Rivers have been crucial as means of communication, the formation of political units and stimulating trade. At the same time, joint dependencies on the water moving through a river basin creates conflicts of interest.
Many, if not most, of the world's 261 international rivers pass through developing regions with strong driving forces at work: population growth, urbanization, industrialization etc. These forces generate, on the one hand, water depletion due to increased consumptive use of water for intensified food production and, on the other, increasing pollution loads from human waste, intensified industrial activities and growing application of agricultural chemicals.
Issues of water quantity and water quality most often underlie water disputes. Issues other than direct water use but needing the presence of water, may enter the scene, such as transportation and energy needs (most developing countries have rapidly increasing needs for electricity). A water conflict may also start from reasons that have nothing to do with water, but the control over water sources becomes a weapon or the conflict-driving element. Alternatively, certain land areas may have particular hydrostrategic value as part of efforts to improve a country's water security, as was demonstrated by the Israel occupying the Golan Heights to gain control of the water divide.
As driving forces tend to exacerbate the conflicts of interest in many transboundary river systems, the costs of not cooperating are growing. Cooperation is equivalent to increasing the options for converting water into wealth; it also reduces the vulnerability of a country to natural hazards. Moreover, the opportunity cost of no cooperation is high. There are plenty of conflicts by primarily on the local level where various users and interest groups are close to each other. Even if a "water war" were contemplated and won, it is hardly conceivable that water security could be achieved. At the same time, cooperation is likely to generate a number of advantages, by reducing the vulnerability to natural hazards, opens up for the realization of joint development projects, attracts donor support, and facilitates trade and exchange of ideas and solutions.

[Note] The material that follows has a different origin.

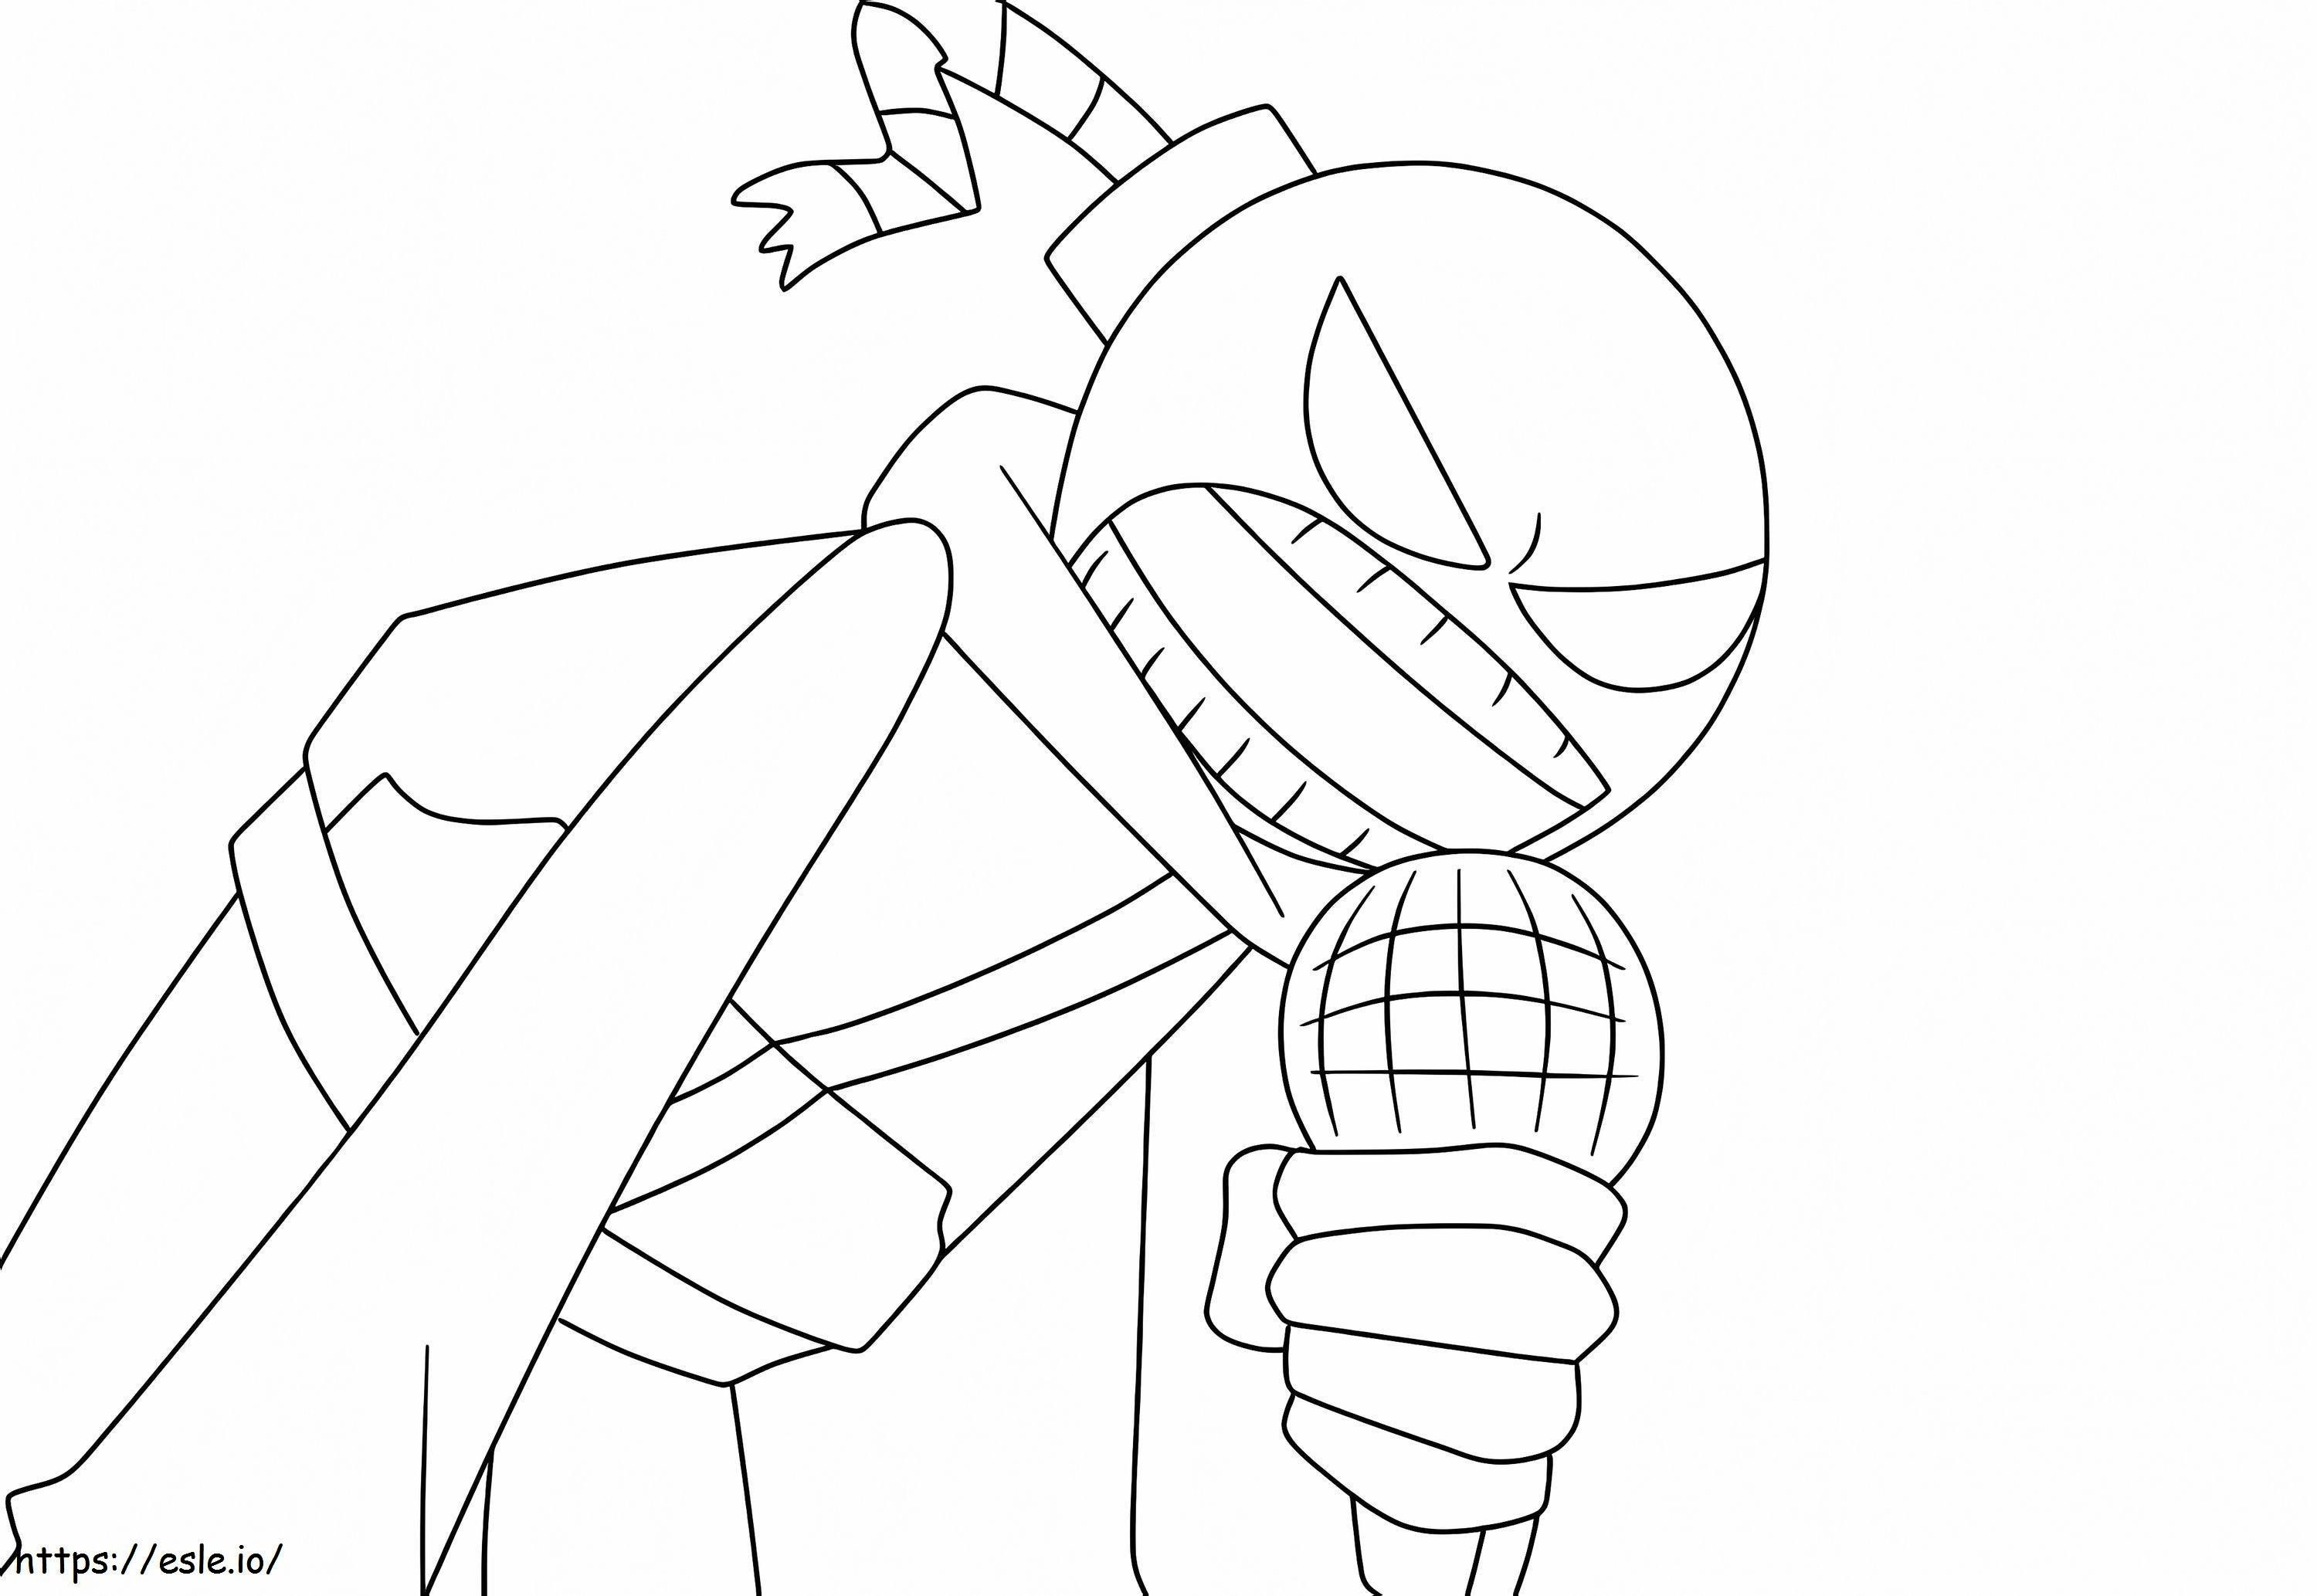 Whity In FNF coloring page

Without doubt, there is a huge amount of irritation between co-basin countries, some of them even developing into diplomatic crises. On the other hand, only one case has gone into the International Court, indicating that in some way or other countries are muddling through. The opportunity costs are probably seen as too high to proceed into a full-fledged conflict. Even if public statements like the "classical" one by Boutros Gali that the next war will be about water, it was pointed out that such statements are meant for a particular target group to achieve a particular objective.One lesson learnt is that it seems easier to arrive at an agreement in cases where the co-basin countries are sharing an interest of water resources development of the joint river. Cooperation between co-basin countries may then produce win-win situations. One good example was the agreements reached by the Mekong Committee, formed in the 1950's, and generating the so-called Mekong spirit concept. It is symptomatic that in times of conflict of interest, like in the case of the later dispute between Thailand and Vietnam in the 1990's, this spirit was not enough and exterior support was needed to remediate the dispute.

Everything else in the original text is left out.